Knowing that:
$$X = B(N, P)$$ $$P = \frac{1}{2}$$ $$N = ODD$$
Essentially, knowing that X is a binomial distribution with parameters of [P = $\frac{1}{2}$, N = Any Odd Number], I also know that $$Y\space = \space X \mod 2$$
Knowing this information, I'm trying to go about calculating: $$P(Y = 1)$$
From an intuitive sense, I believe the answer should be $\frac{2}{3}$ simply because, if there are N trials, and N is an odd number, it's easy to assume that 2 out of the 3 numbers would be odd, satisfying that $X \mod 2 = 1$. From a mathetmical standpoint, I was thinking of doing:
$$P(Y = 1) = \sum_{n=1}^{\infty} {n \choose 1}\cdot \frac12\cdot(1-\frac12)$$
I understand my summation is wrong; however, I cannot think of what logic to use when coming up with this equation.

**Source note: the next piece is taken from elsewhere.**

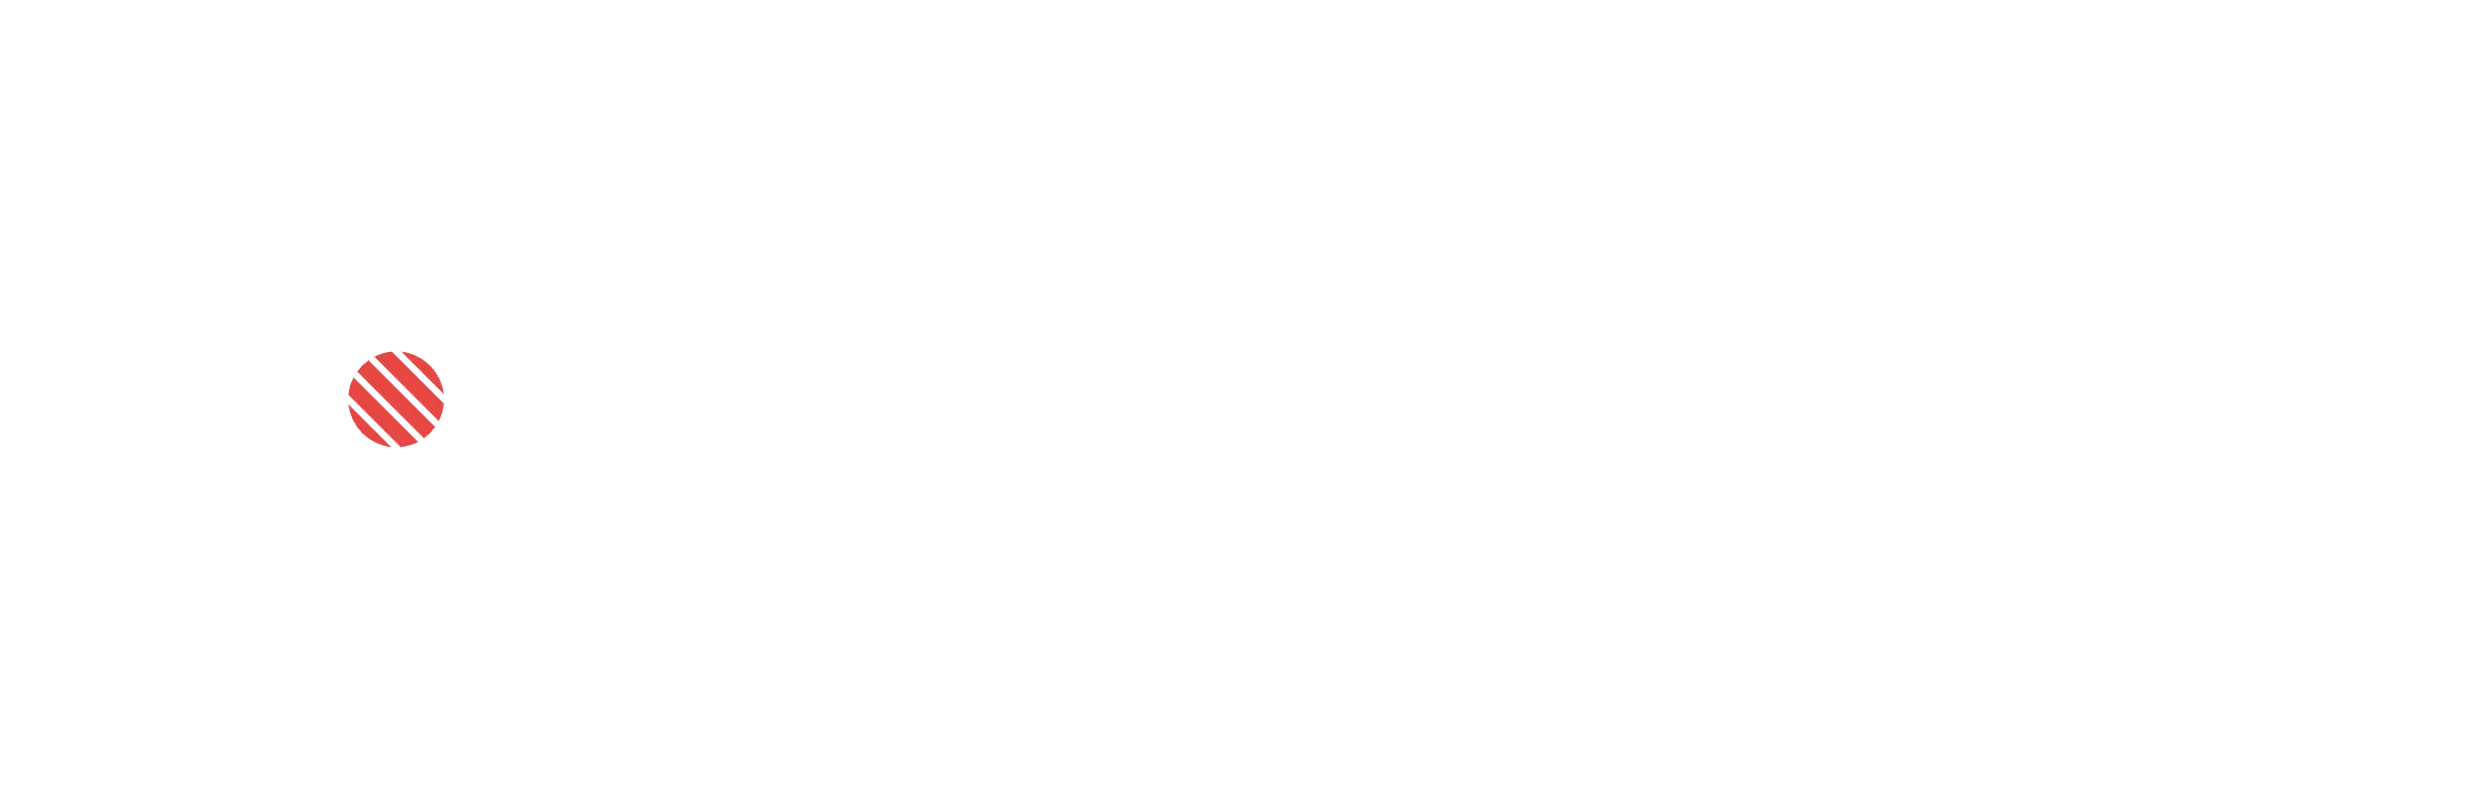 Sushi Mania Promo Codes

Imagine tossing a coin once. Can you see that the probability of getting zero heads is equal to the probability of getting one head? So what is the probability of getting an odd number of heads when you toss the coin once?
Now imagine tossing a coin three times. Can you see that the probability of getting zero heads is equal to the probability of getting three heads? And can you see that the probability of getting one head is equal to the probability of getting two heads? So what is the probability of getting an odd number of heads when you toss the coin three times?
Now imagine tossing a coin five times...